6 Und diese Worte, auf die ich dich heute verpflichte, 
  sollen auf deinem Herzen geschrieben stehen.

Zweite Lesung   aus dem Hebräerbrief.                         Hebr 7, 23–28

    Schwestern und Brüder!
23 Im Ersten Bund folgten viele Priester aufeinander, weil der Tod sie hinderte zu bleiben;
24 Jesus aber hat, weil er in Ewigkeit bleibt, ein unvergängliches Priestertum.
25 Darum kann er auch die, die durch ihn vor Gott hintreten, für immer retten;
    denn er lebt allezeit, um für sie einzutreten.
26 Ein solcher Hohepriester ziemte sich in der Tat für uns: einer, der heilig ist,
    frei vom Bösen, makellos, abgesondert von den Sündern und erhöht über die Himmel;
27 einer, der es nicht Tag für Tag nötig hat, wie die Hohepriester
   zuerst für die eigenen Sünden Opfer darzubringen und dann für die des Volkes;
   denn das hat er ein für alle Mal getan, als er sich selbst dargebracht hat.
28 Das Gesetz nämlich macht Menschen zu Hohepriestern, die der Schwachheit unterworfen sind;
    das Wort des Eides aber, der später als das Gesetz kam, 
    setzt den Sohn ein, der auf ewig vollendet ist.

Aus dem heiligen Evangelium nach Markus.                               Mk 12, 28b–34

    In jener Zeit - und das ist Heute
28 ging ein Schriftgelehrter zu Jesus hin
    und fragte ihn: Welches Gebot ist das erste von allen?
29 Jesus antwortete:
    Das erste ist: Höre, Israel,
    der Herr, unser Gott, ist der einzige Herr.
30 Darum sollst du den Herrn, deinen Gott, lieben
    mit ganzem Herzen und ganzer Seele,
    mit deinem ganzen Denken und mit deiner ganzen Kraft.
31 Als zweites kommt hinzu:
    Du sollst deinen Nächsten lieben wie dich selbst.
    Kein anderes Gebot ist größer als diese beiden.
32 Da sagte der Schriftgelehrte zu ihm: Sehr gut, Meister!
    Ganz richtig hast du gesagt:
    Er allein ist der Herr und es gibt keinen anderen außer ihm
33 und ihn mit ganzem Herzen,
    ganzem Verstand und ganzer Kraft zu lieben
    und den Nächsten zu lieben wie sich selbst,
    ist weit mehr als alle Brandopfer und anderen Opfer.
34 Jesus sah, dass er mit Verständnis geantwortet hatte,
    und sagte zu ihm: Du bist nicht fern vom Reich Gottes.
    Und keiner wagte mehr, Jesus eine Frage zu stellen.

SONNTAGSGEDANKEN

Fällt Ihnen etwas auf, wenn Sie den ursprünglichen Text aus dem Buch Deuteronomium lesen …
Höre, Israel!
Der Herr, unser Gott, der Herr ist einzig.
Darum sollst du den Herrn, deinen Gott,
lieben mit ganzem Herzen,
mit ganzer Seele
und mit ganzer Kraft.

und jetzt die Wiederholung des Textes durch Jesus?

Höre, Israel,
der Herr, unser Gott, ist der einzige Herr.
Darum sollst du den Herrn, deinen Gott,
lieben mit ganzem Herzen
und ganzer Seele,
mit Deinem ganzen Denken
und mit Deiner ganzen Kraft.

Jesus hat eigenmächtig den ursprünglichen heiligen Text erweitert.
Er hat ihm hinzugefügt: „mit Deinem ganzen Denken“. 
Für mich ist das nicht nur einfach ein „Hinzufügen“, sondern ein wichtiges Plus christlicher Gottesbeziehung.

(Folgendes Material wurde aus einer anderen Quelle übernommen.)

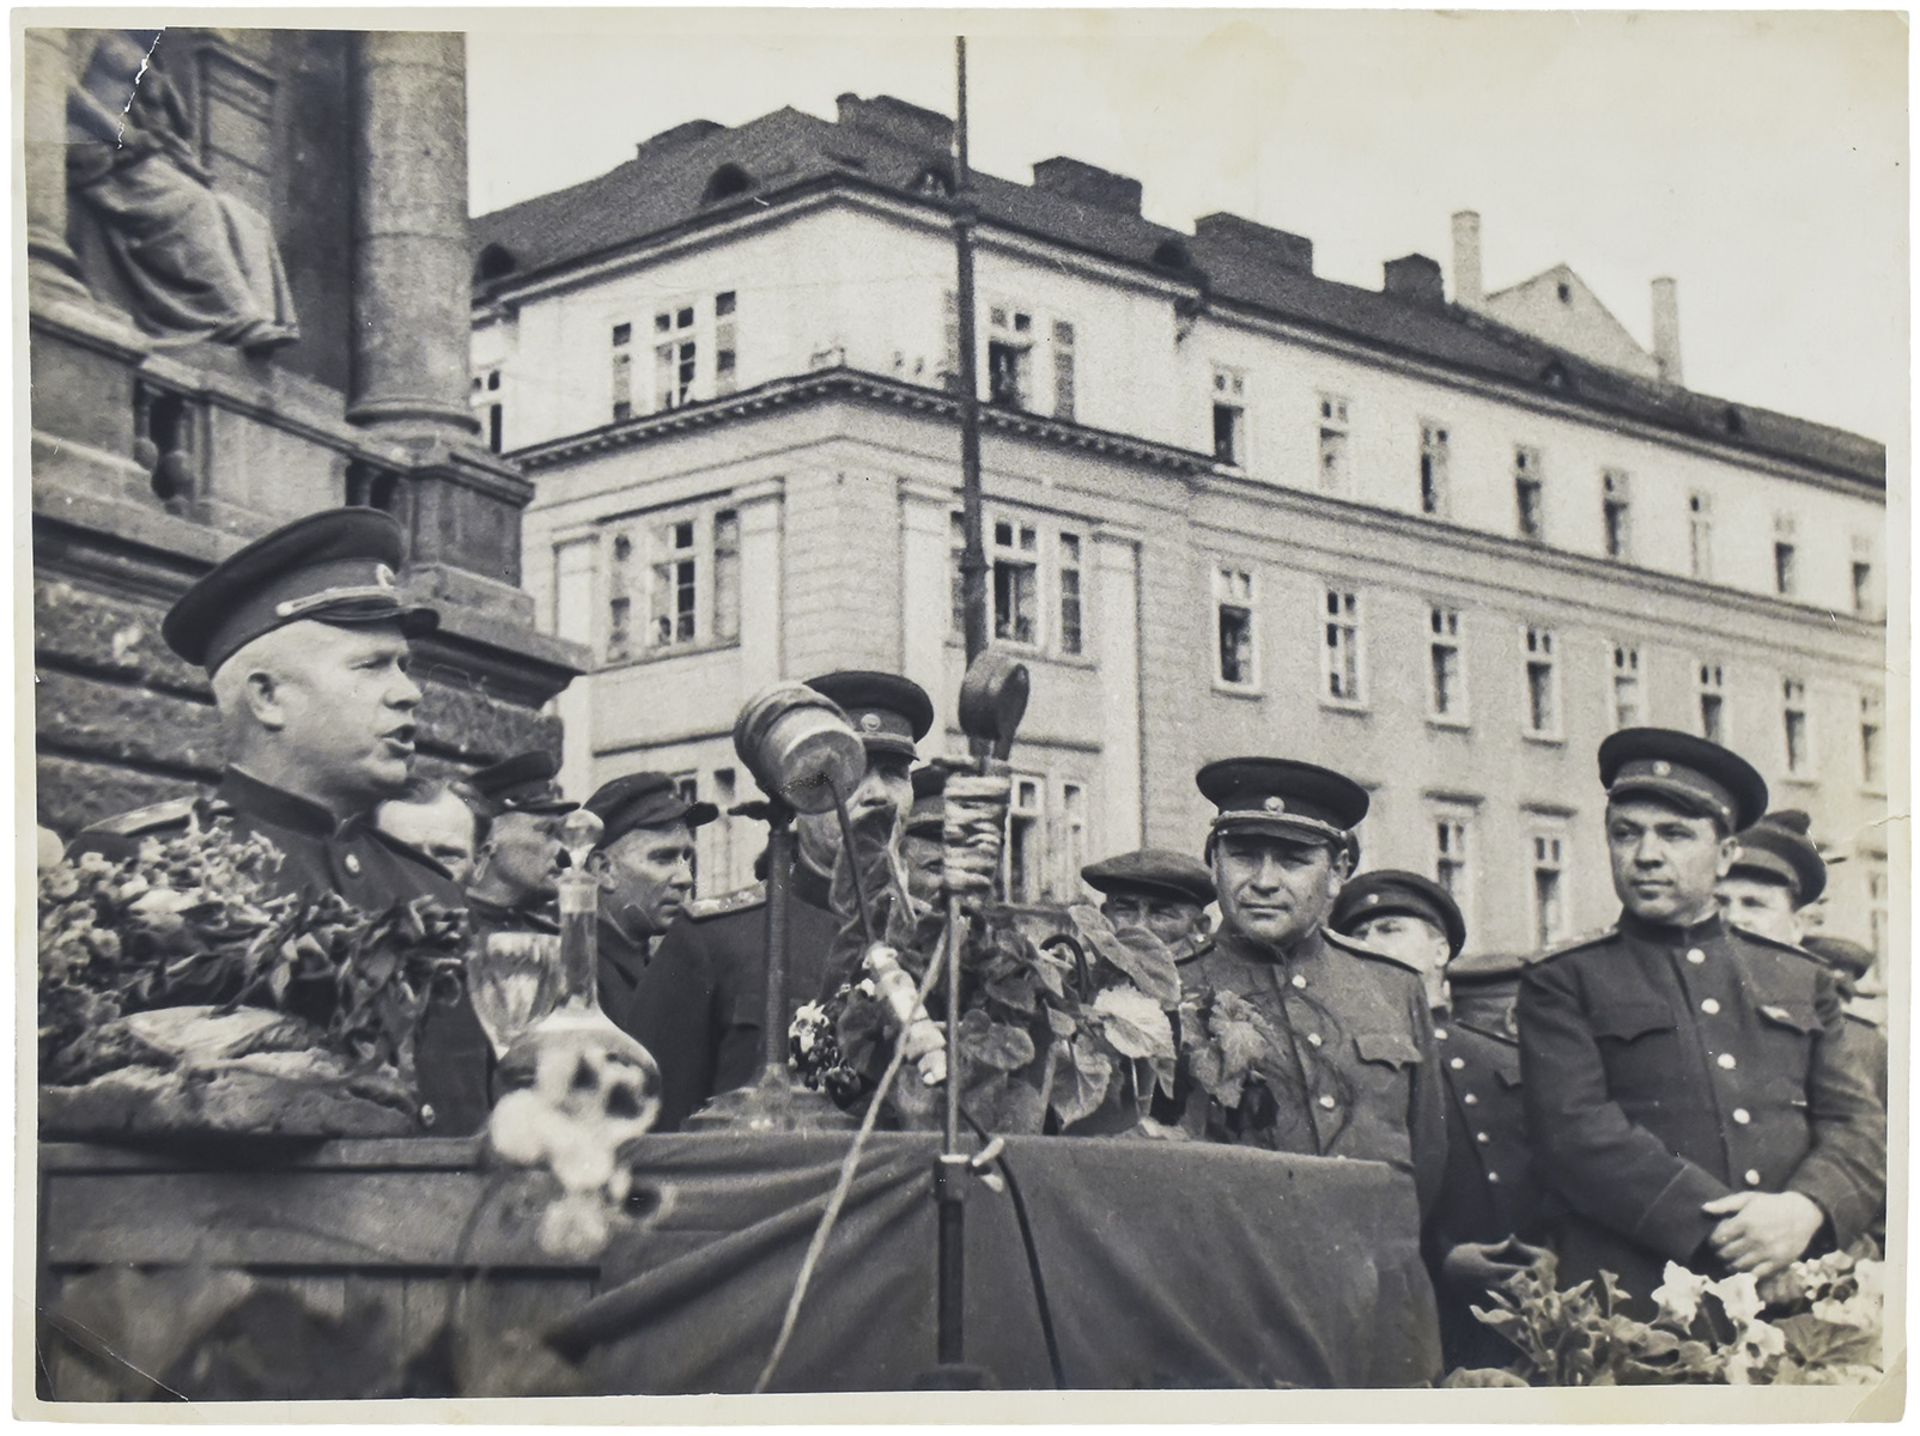 Nikita Khrushchev on demonstration in Kyiv. Photograph. 1944. 18x24 cm.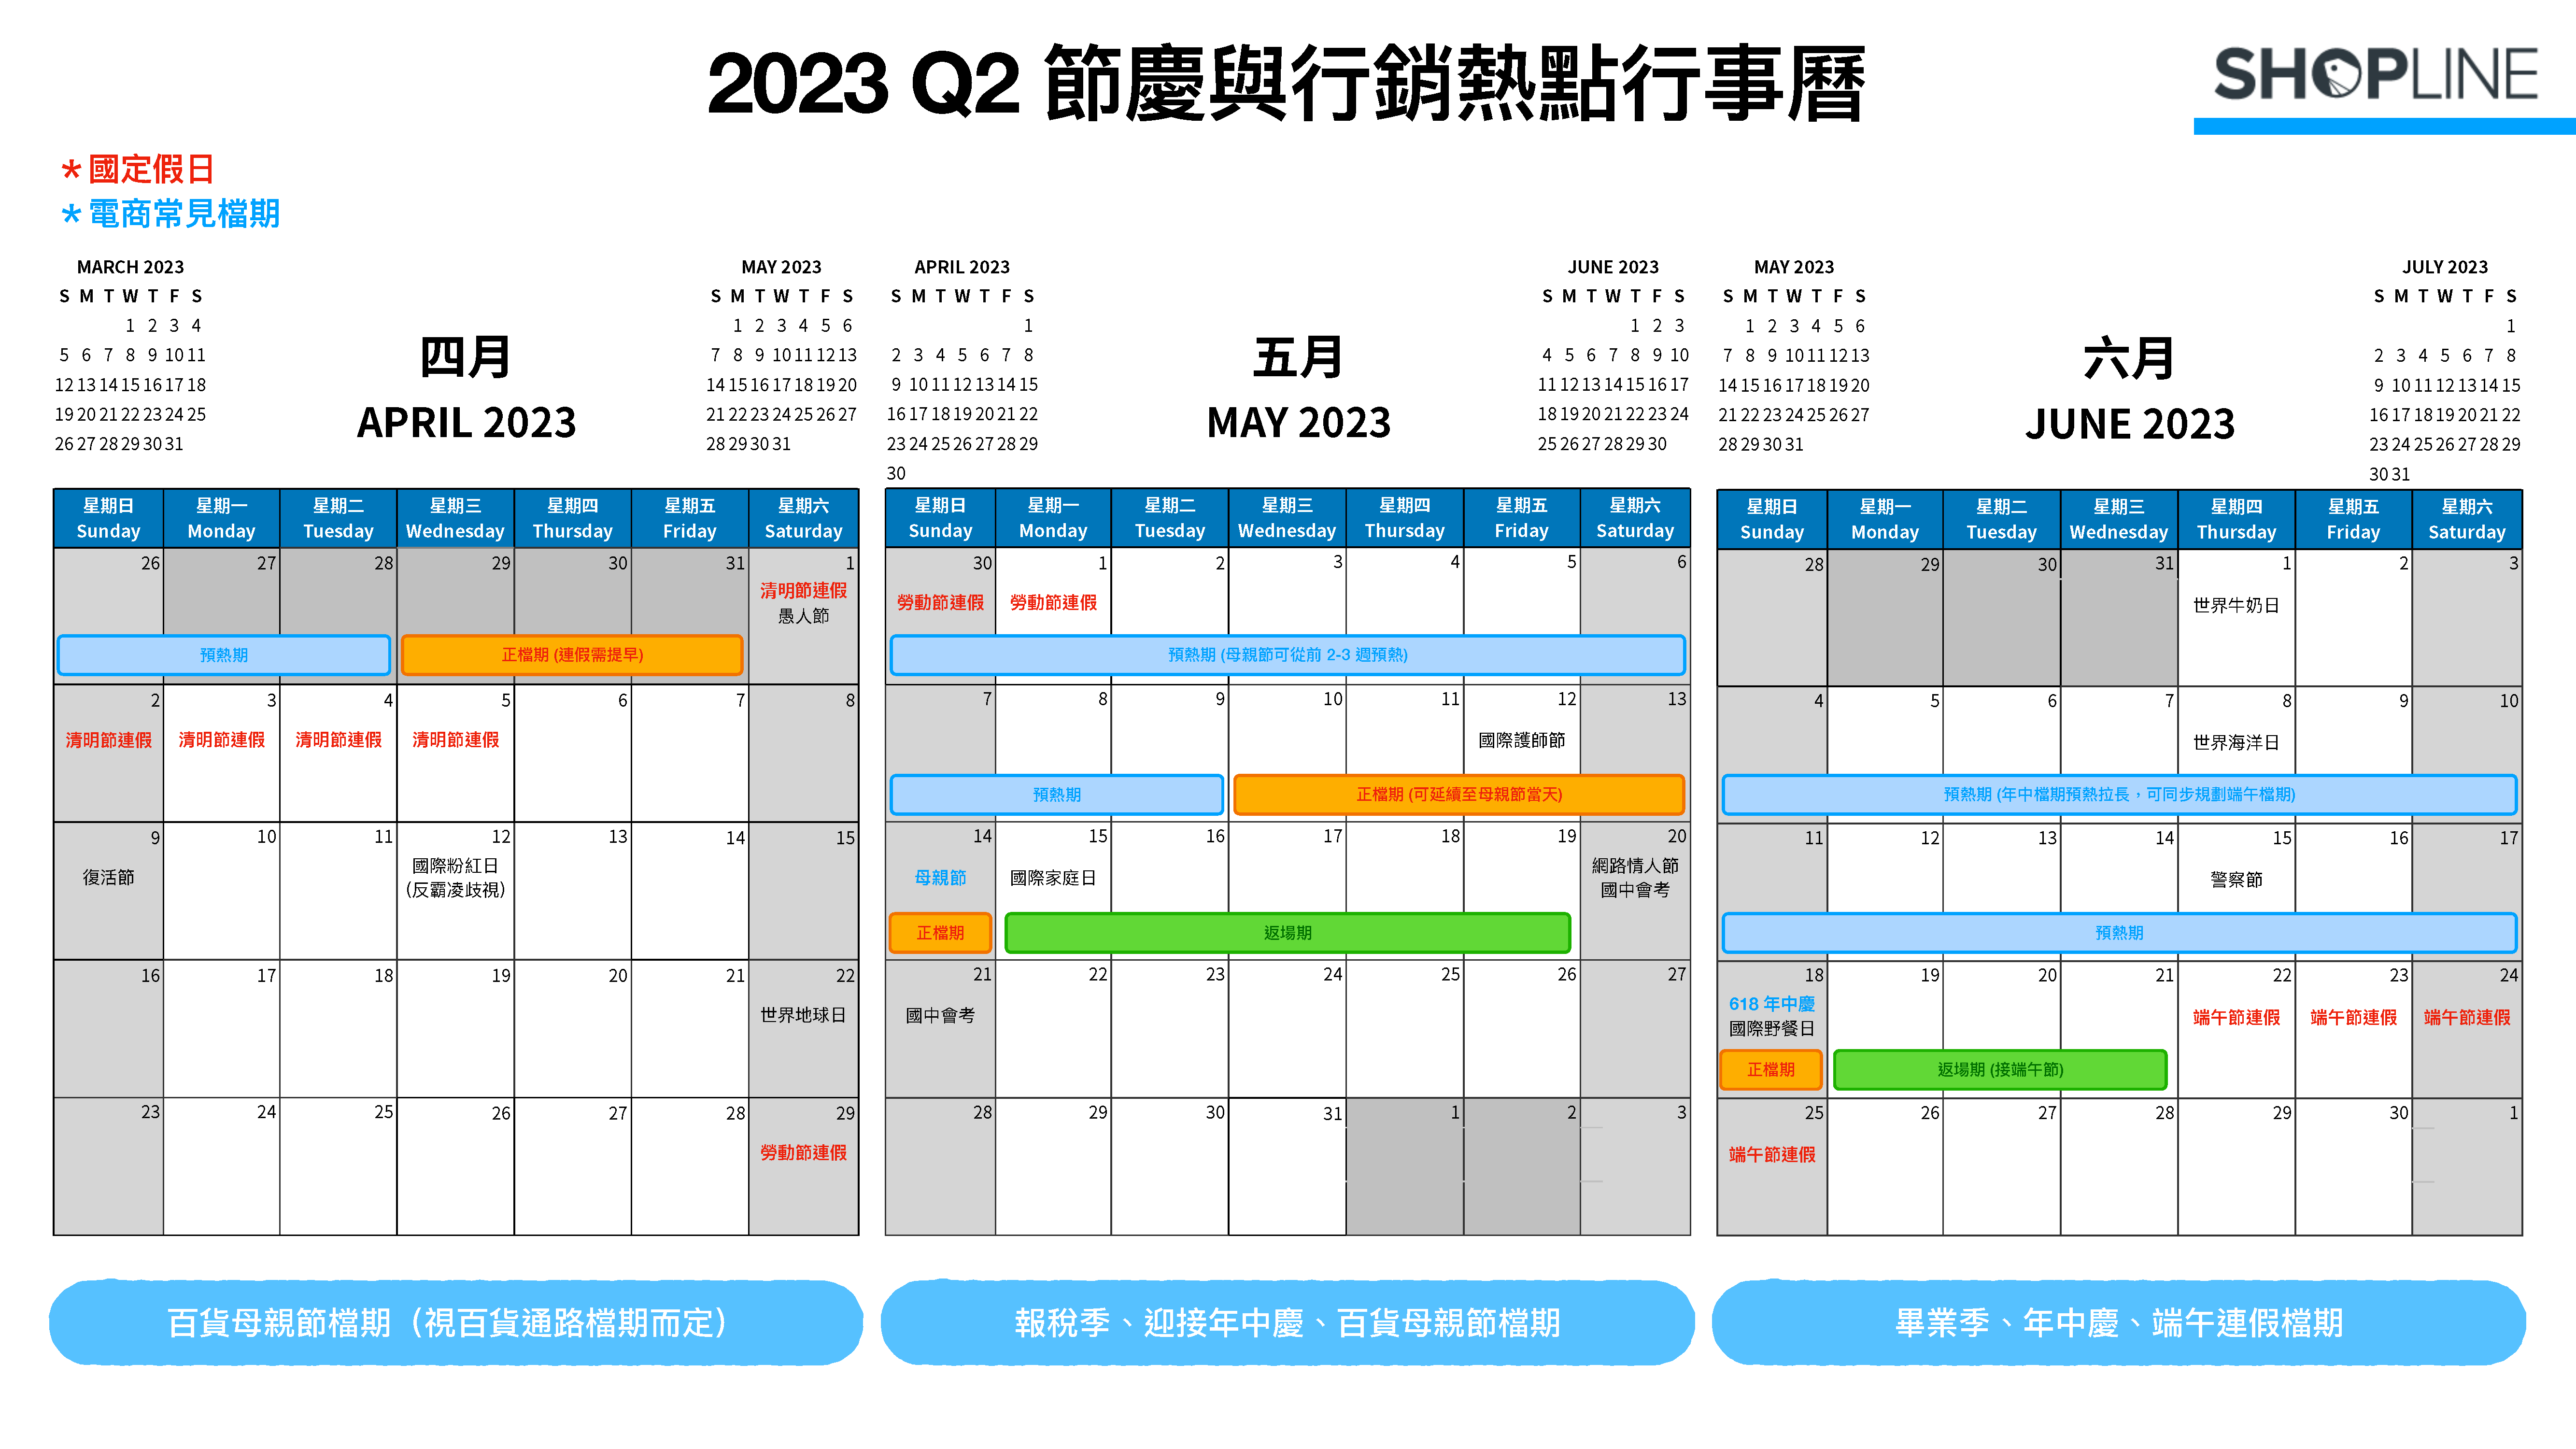 2023 Q2 節慶與行銷熱點月曆

Viel zu viele Christen glauben, ohne zu denken, ohne nachzudenken., ohn eigene Gedanken. Sie übernehmen unbedacht viele Gedanken anderer. Doch Jesus fügt bewusst hinzu: „Darum sollst du den Herrn, deinen Gott, lieben mit Deinem ganzen Denken. Wenn ich Gott mit den Gedanken vieler mich umgebender kirchlicher Autoritäten oder der allgemeinen Volksfrömmigkeit oder den Vorstellungen anderer aus meiner Kindheit und Jugend oder der oft nur theologiestudierten Herren denken müsste, dann müsste ich mit Gedanken von einem strafenden, bedingt liebenden, gesetzbeachtenden, obrigkeits-hörigen, männerbeherrschenden Gott erfüllt sein, von dem ich nie weiß, ob ich vor ihm bestehen kann oder nicht, obwohl ich sein Kind bin. Durch eigenes Denken, Suchen, Neubedenken, Umdenken, Schlussfolgern und Eigenentscheidung bin ich mit der Zeit durch Jesus ein neuer – zumindest ein anderer neuer Mensch geworden. Das war natürlich nicht immer leicht. 

Ich vergleiche das gern mit der großartigen Szene, wo Simson den jungen Löwen zerreißt und in seinem Kadaver süßen Honig für sich und seine Eltern findet. Das Bild für den inneren Kampf, aus dem Gottes Herrlichkeit hervorgeht. 
So wird Simson zum Richter für Israel und geht SEINEN WEG und nicht den Weg, den die Eltern, die damalige Gesellschaft und die religiösen Vorschriften für ihn „ausgedacht“ hatten. (Ri 14)
Gott lieben kann man nicht, ohne selbständiges eigenes Denken. Das ist Jesus so wichtig, dass er es dem „ersten von allen Geboten“ hinzufügt. Denn nur so führt Christsein zum freien Menschen.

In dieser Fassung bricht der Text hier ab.